Алексей отбил чёткий строевой шаг, приложил руку к козырьку щегольской казачьей фуражки и отрапортовал:
– Господин полковник! Старший урядник Каледин прибыл в краткосрочный отпуск, пожалованный Великим князем Николаем Александровичем, за отличные успехи в учёбе и выступление на военно-научной конференции.
Опустил руку и застыл в ожидании.
А тут и дед Сашка подоспел, и ворчливо напустился на Максима Григорьевича:
– Ты, Ваше Высокоблагородие, думать должон, что говоришь. Разве может в бесчестном деле отличиться сын твой, никогда не бывать этому!
И он замолчал, сердито засопев носом.
Отец, как-то виновато заморгал глазами, тут же – скользнув взглядом по новеньким погонам на плечах сына, со знаками старшего урядника, удовлетворённо крякнул, вытер-расправил тыльной стороной руки свои пышные усы и раскрыл руки для объятий:
– Молодец, порадовал старика. Спасибо, а Великому князю – благодарность великая. Вот радость-то доставил.
И тут же, подняв руку вверх, изрёк:
– Большого государственного ума человек. Всегда его помню.
– Папаня, и он тебя помнит. И кланяться велел от всей души.
И Алексей, спрыгнув с крыльца, взял в руки старинную шашку – подарок Великого князя отцу, и поднёс к тому на вытянутых руках.
Отец, на миг затих, остановился, а поняв, что это ему дар от своего старинного командира, благоговейно принял шашку из рук сына, полностью обнажил её, ножны передал Алексею, троекратно поцеловал холодную сталь, по лезвию которой перевивались замысловатые восточные узоры, поверх которых уже русский мастер наложил вязью священные для каждого военного слова:
«Без нужды не вынимай, без славы – не вкладывай».
– Спасибо, спасибо, сынок, – с чувством произнёс старый полковник, – вот порадовал отца-то. А Великому князю сегодня же отпишу.

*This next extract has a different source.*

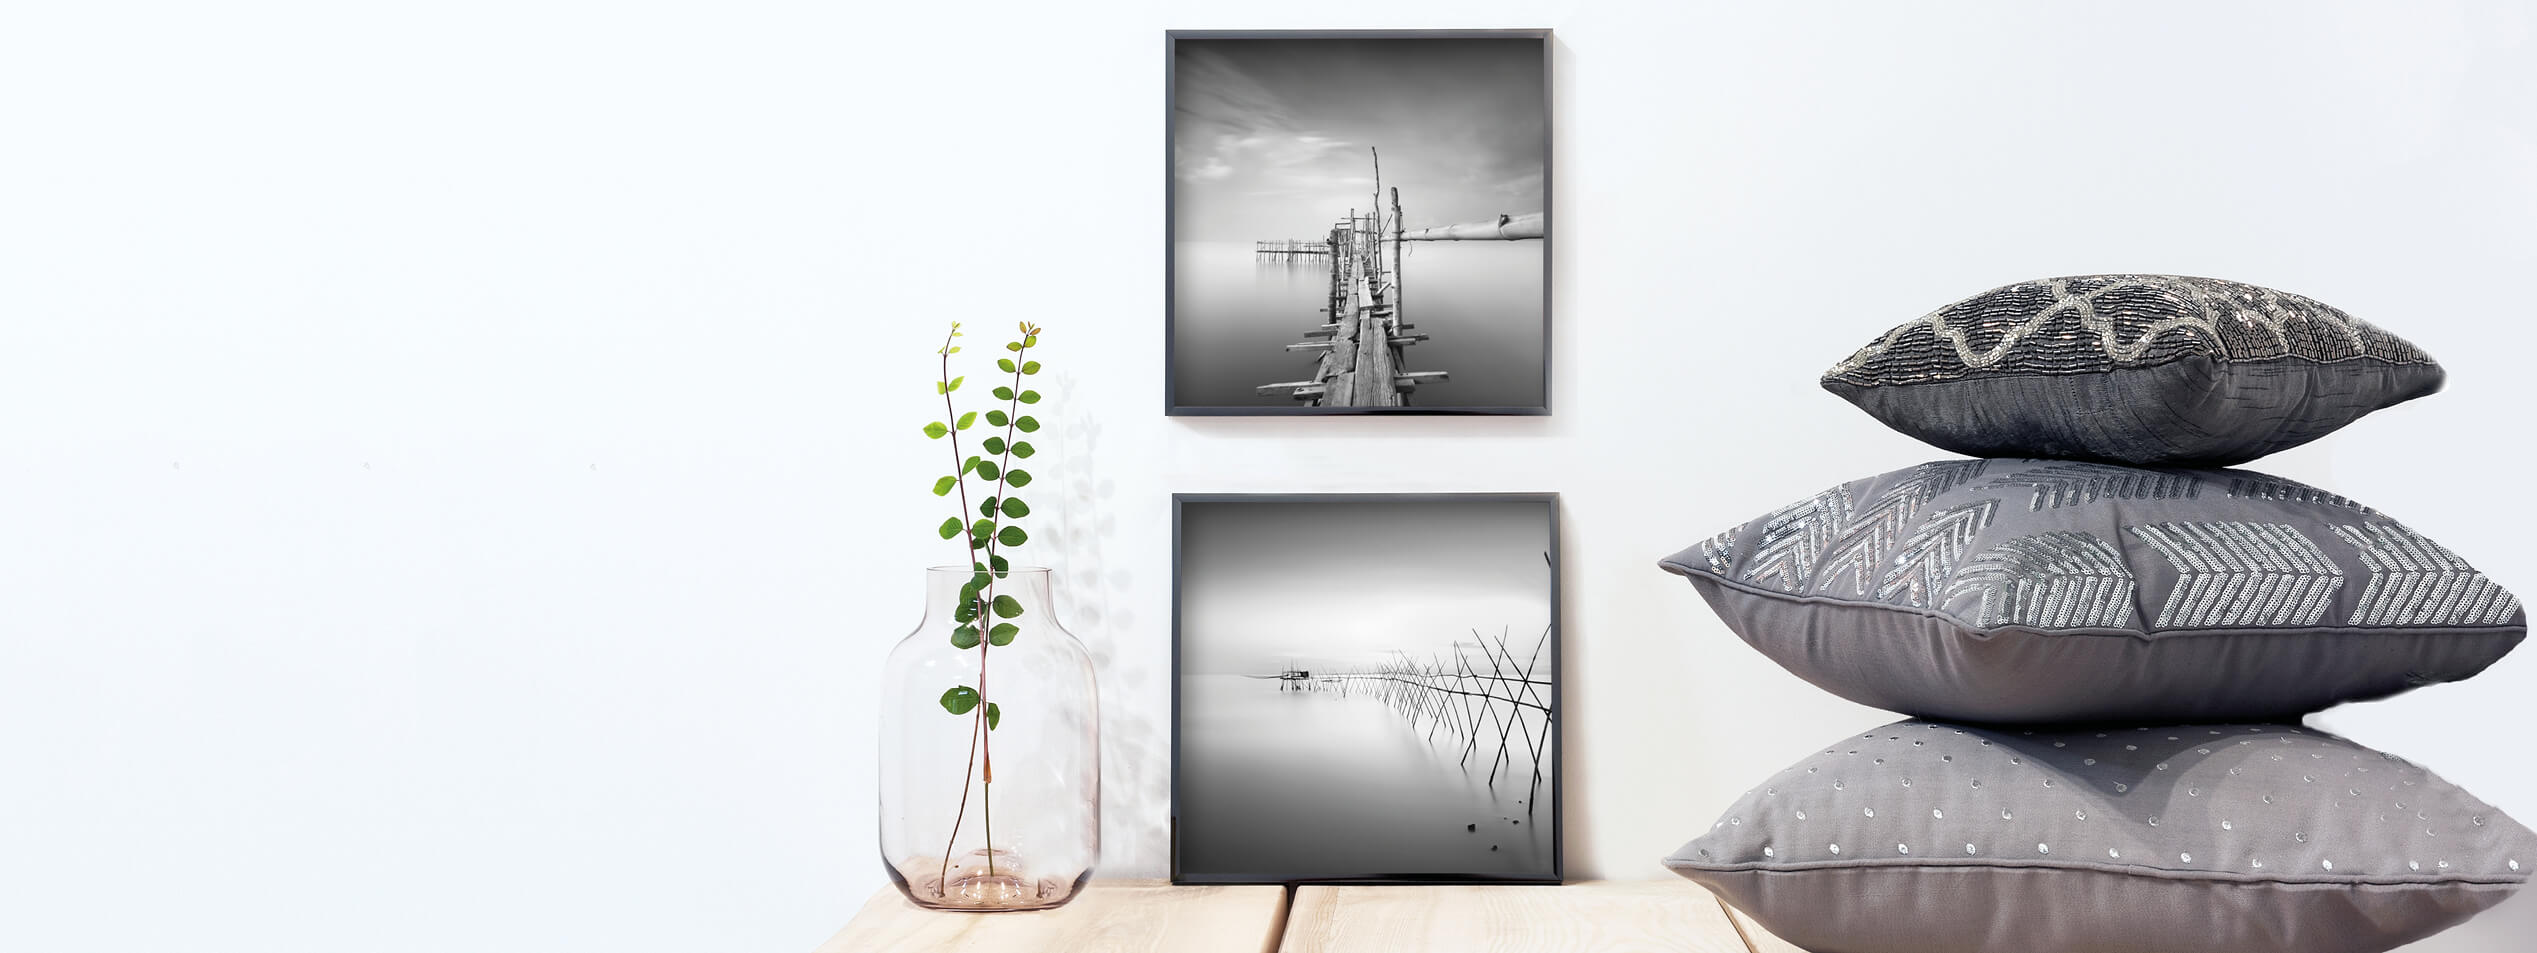 gro artig nielsen metallrahmen bilder benutzerdefinierte bilderrahmen ideen. Black Bedroom Furniture Sets. Home Design Ideas

За честь великую ему поклон, что не забыл своего верного слугу.
И он ещё раз приник своими, уже поблекшими губами, к разящей стали.
Тут же направился впереди сына и деда Степана, которые несли нехитрые юнкерские пожитки в гостиную и повесил шашку на богатый старинный персидский ковёр, среди остальных свидетельств славы и подвигов рода.
В этой же комнате тётушка Ефросинья, выцветшая и старенькая, но хранящая породу на ухоженном лице, родная сестра матери Алексея, которая прожила всю жизнь у них в семье, своего гнезда так и не свила по каким-то причинам, молодому Каледину неведомым, красиво накрывала богатый стол домашними яствами. Ей помогала в этом статная, лет пятидесяти казачка Дуняшка, которую Алексей помнил с младенческих лет.
Отец, сняв бурку и папаху, молодо расправил плечи и обратился к Алексею:
– Даже хворь отступила от такой радости.
И тут же – к тётушке:
– А ну-ка, Ефросинья Глебовна, графинчик нам, с моей любимой, на чабреце настоянной. Сын приехал! Обедать будем.